Here are some scrambles, post your times:

1. U' R2 U2 R U' R' U R U R' U2 R U' R2 U2 R' U2 R2 U2 R U' R' U' R' U'
2. U' R U R' U R' U' R U2 R' U' R' U' R' U2 R U' R2 U2 R U2 R' U R' U
3. R U' R2 U R U2 R U' R U2 R U2 R U' R U' R2 U2 R' U' R' U2 R2 U R
4. U2 R' U R U R' U' R U R2 U2 R' U2 R' U R U R2 U' R' U R' U2 R' U
5. R' U R2 U2 R U R2 U' R' U2 R2 U' R' U' R2 U R2 U2 R' U' R U' R2 U' R2 

Escher, did you learn/make new OLLs for some of the cases to achieve such speeds? Also, did this improve your F2L at all?

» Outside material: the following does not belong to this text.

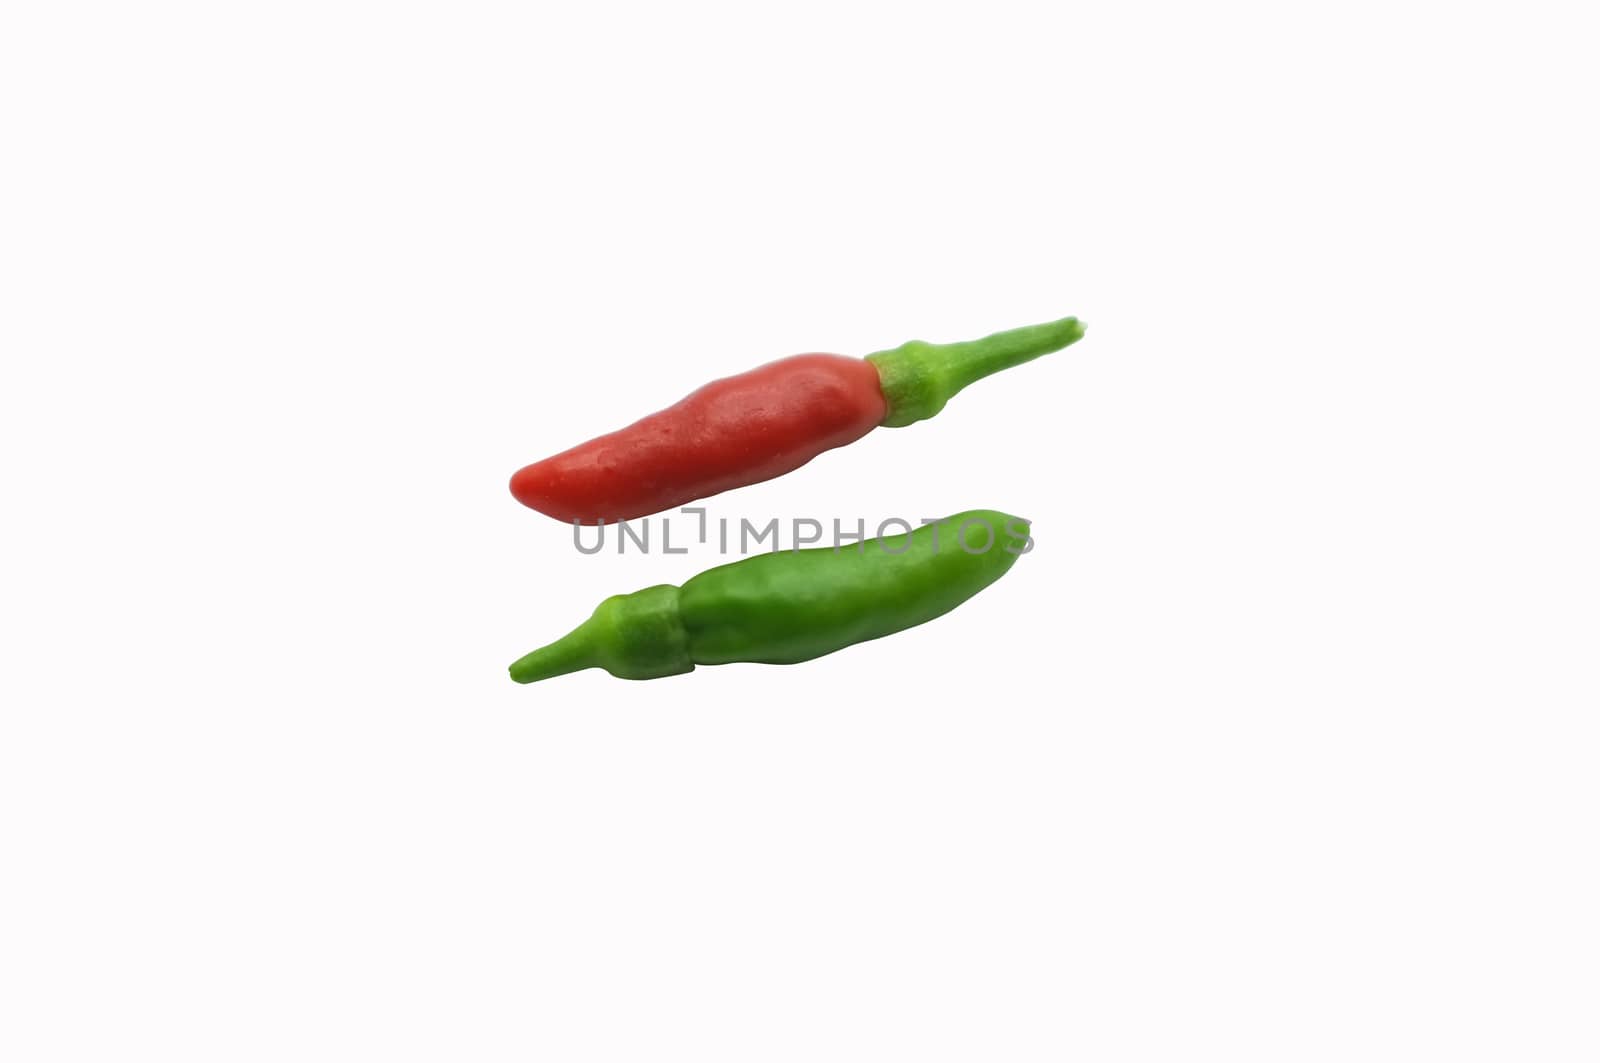 Thai chili pepper, red and green colors by Hepjam

I have a theory that lots of this could improve your FTL, but it's still a theory 

Edit: Here are my times:

12.55
10.41
(16.22)
8.31
(8.30)

10.42 avg


----------



## hcbartek (May 26, 2009)

```
1.	11,72	U' R2 U2 R U' R' U R U R' U2 R U' R2 U2 R' U2 R2 U2 R U' R' U' R' U'
2.	14,14	U' R U R' U R' U' R U2 R' U' R' U' R' U2 R U' R2 U2 R U2 R' U R' U
3.	11,84	R U' R2 U R U2 R U' R U2 R U2 R U' R U' R2 U2 R' U' R' U2 R2 U R
4.	13,08	U2 R' U R U R' U' R U R2 U2 R' U2 R' U R U R2 U' R' U R' U2 R' U
5.	12,53	R' U R2 U2 R U R2 U' R' U2 R2 U' R' U' R2 U R2 U2 R' U' R U' R2 U' R2
```


----------



## Jacco (May 26, 2009)

8.80 1. U' R2 U2 R U' R' U R U R' U2 R U' R2 U2 R' U2 R2 U2 R U' R' U' R' U'
7.94 2. U' R U R' U R' U' R U2 R' U' R' U' R' U2 R U' R2 U2 R U2 R' U R' U
(13.61) 3. R U' R2 U R U2 R U' R U2 R U2 R U' R U' R2 U2 R' U' R' U2 R2 U R
9.43 4. U2 R' U R U R' U' R U R2 U2 R' U2 R' U R U R2 U' R' U R' U2 R' U
(6.27) 5. R' U R2 U2 R U R2 U' R' U2 R2 U' R' U' R2 U R2 U2 R' U' R U' R2 U' R2 

8.69 average.
Hehe, that's funny, but I've never practised it.


----------



## Neutrals01 (May 26, 2009)

pll algos needed? my oll and pll aren't 2 gen... =.= haven't try yet...no cubes with me now...


----------



## masterofthebass (May 26, 2009)

7.93, 7.19, 7.05, 8.62, 6.07


----------



## Sa967St (May 26, 2009)

DAE_JA_VOO said:


> R U R2 U R' U2 R2 U' R U R U R2 U2
> U R U R U2 R' U2 R U' R2 U' R' U R2
> R2 U2 R U' R2 U' R U2 R' U2 R U' R'



9.31, 8.40, 7.25

fun 



DAE_JA_VOO said:


> 1. U' R2 U2 R U' R' U R U R' U2 R U' R2 U2 R' U2 R2 U2 R U' R' U' R' U'
> 2. U' R U R' U R' U' R U2 R' U' R' U' R' U2 R U' R2 U2 R U2 R' U R' U
> 3. R U' R2 U R U2 R U' R U2 R U2 R U' R U' R2 U2 R' U' R' U2 R2 U R
> 4. U2 R' U R U R' U' R U R2 U2 R' U2 R' U R U R2 U' R' U R' U2 R' U
> 5. R' U R2 U2 R U R2 U' R' U2 R2 U' R' U' R2 U R2 U2 R' U' R U' R2 U' R2



8.00, 6.88, 9.27, 8.59, 7.06


----------



## Ellis (May 26, 2009)

10.42, (10.60), 9.84, 6.44, (6.20) = 8.90

I don't know how to solve one of the corner OLLs with RU. It kept coming up and I had to try and randomly break it down.


----------



## Dene (May 26, 2009)

Solving 2 gen is hardly a new idea... Some people average 5~


----------



## Sa967St (May 26, 2009)

Ellis said:


> I don't know how to solve one of the corner OLLs with RU. It kept coming up and I had to try and randomly break it down.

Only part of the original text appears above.